What kind of defoaming agent is needed in production is determined based on the characteristics of the coating system and the production process. The high shear force and rapid stirring during the grinding process introduce a large amount of air, so it is necessary to choose a defoaming agent that is efficient, resistant to shear force and difficult to emulsify. Because it does not contain or contains a small amount of emulsifier, this type of defoaming agent is relatively difficult to emulsify in the system medium. Therefore, the particle size of its active ingredients can remain relatively stable under shearing force. The difference is that the particle size of the active ingredients of defoaming agents that are easily emulsified can easily become smaller under shearing force.
Systems with low viscosity or low pigment content cannot use defoaming agents that are difficult to emulsify. Such defoamers can cause delamination of the coating’s surface problematic system. Here, defoaming agents that are easily emulsifiable are usually chosen. The above is a very rough classification, and defoaming agents are often determined based on specific systems.

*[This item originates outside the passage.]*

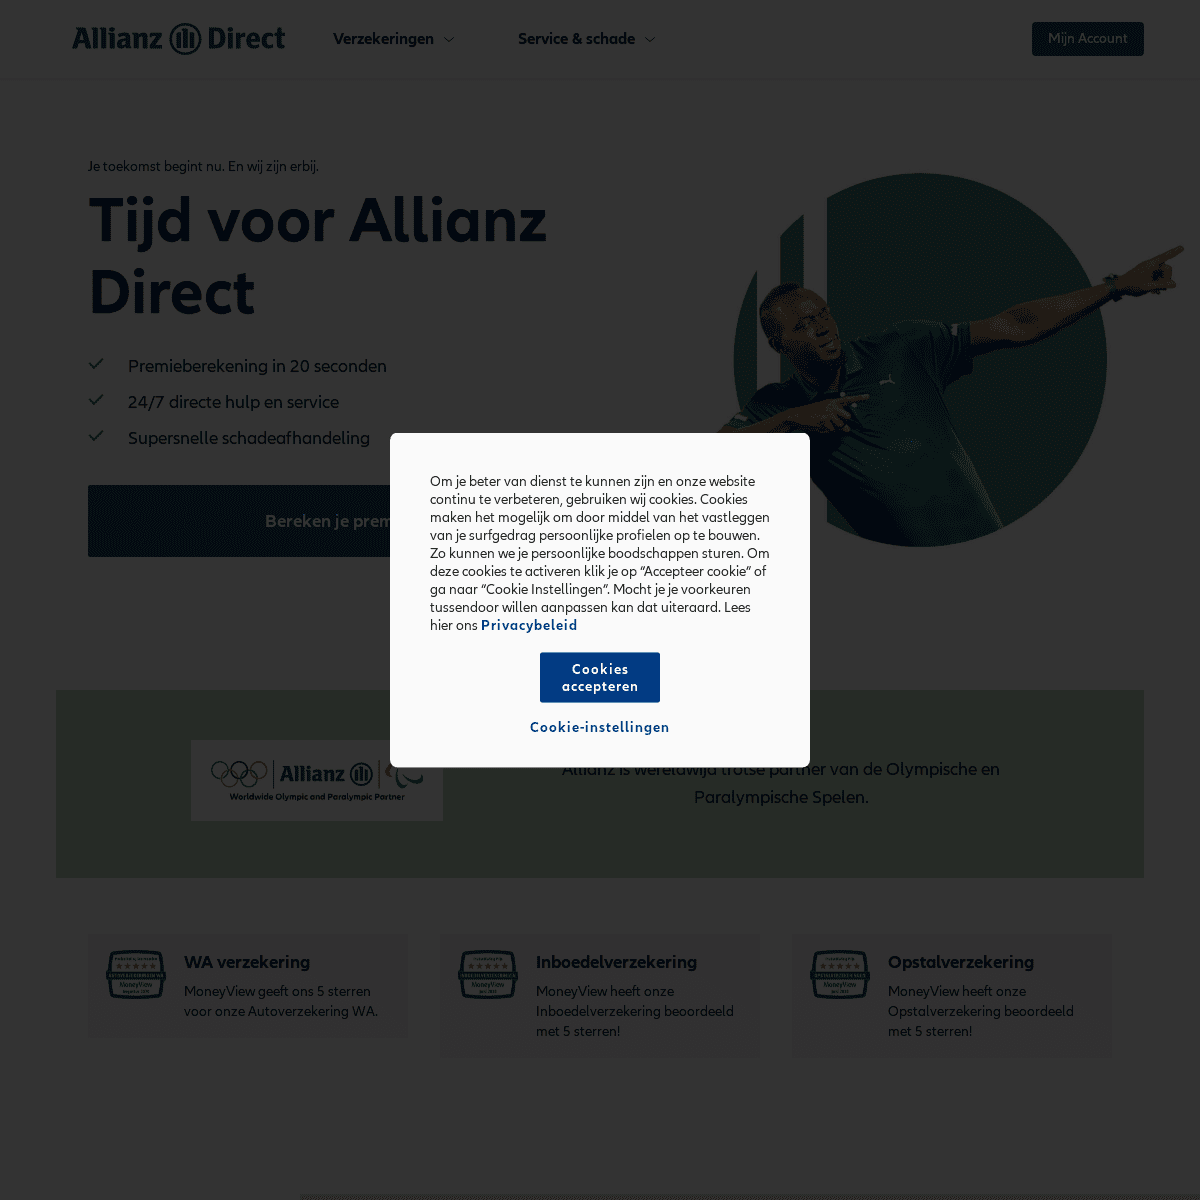 A complete backup of https://allianzdirect.nl

From an economic perspective, efficient defoaming agents are also important. The generation of foam during production will increase production time. Large amounts of air during the grinding process will reduce the efficiency of shear force transfer. The air acts like a bladder between the mixer and the paint. At this time, the production time to achieve the same grinding quality is much longer than without bubbles. Also, the required packaging volume is non-reproducible due to the air contained. During the later painting stages, the agitation rate decreases as temperature- and shear-sensitive emulsion resins are added. The defoaming agent added at this time is to remove the air in the system and prevent the bubbles from being stabilized. The emulsifier contained in the emulsion resin stabilizes the foam.
Foam formation during pumping and packaging
During pumping, packaging, and transportation, air is also introduced into the system due to the movement of the air/liquid media surface. In printing, curtain coating, dip coating and other construction methods, paint will also be pumped and transported. Not only the foam formed during the production process, but also the bubbles generated during later pumping and packaging need to be eliminated. Therefore, defoaming agents that have already played a role in the production process must also be able to effectively remove foam or prevent foam formation.
To meet quality management requirements, the density of each can of paint must be measured. Visual requirements are also important because consumers do not like to see foam on the paint surface. Therefore, the defoaming agent still works during storage.
Foam formation during construction
Construction technology and substrate type have an important impact on the tendency of foam formation during construction. Foam is more likely to form on porous water-permeable substrates such as walls, wallpaper, and untreated wood. Application tools such as brushes, rollers, and spray guns show just as important an impact as the underlying layer. They may promote or prevent foam formation.
When using the spraying process, the paint leaving the nozzle is fully saturated with air, so a highly efficient defoamer must be used. Such defoamer must be able to effectively eliminate microbubbles formed on the substrate.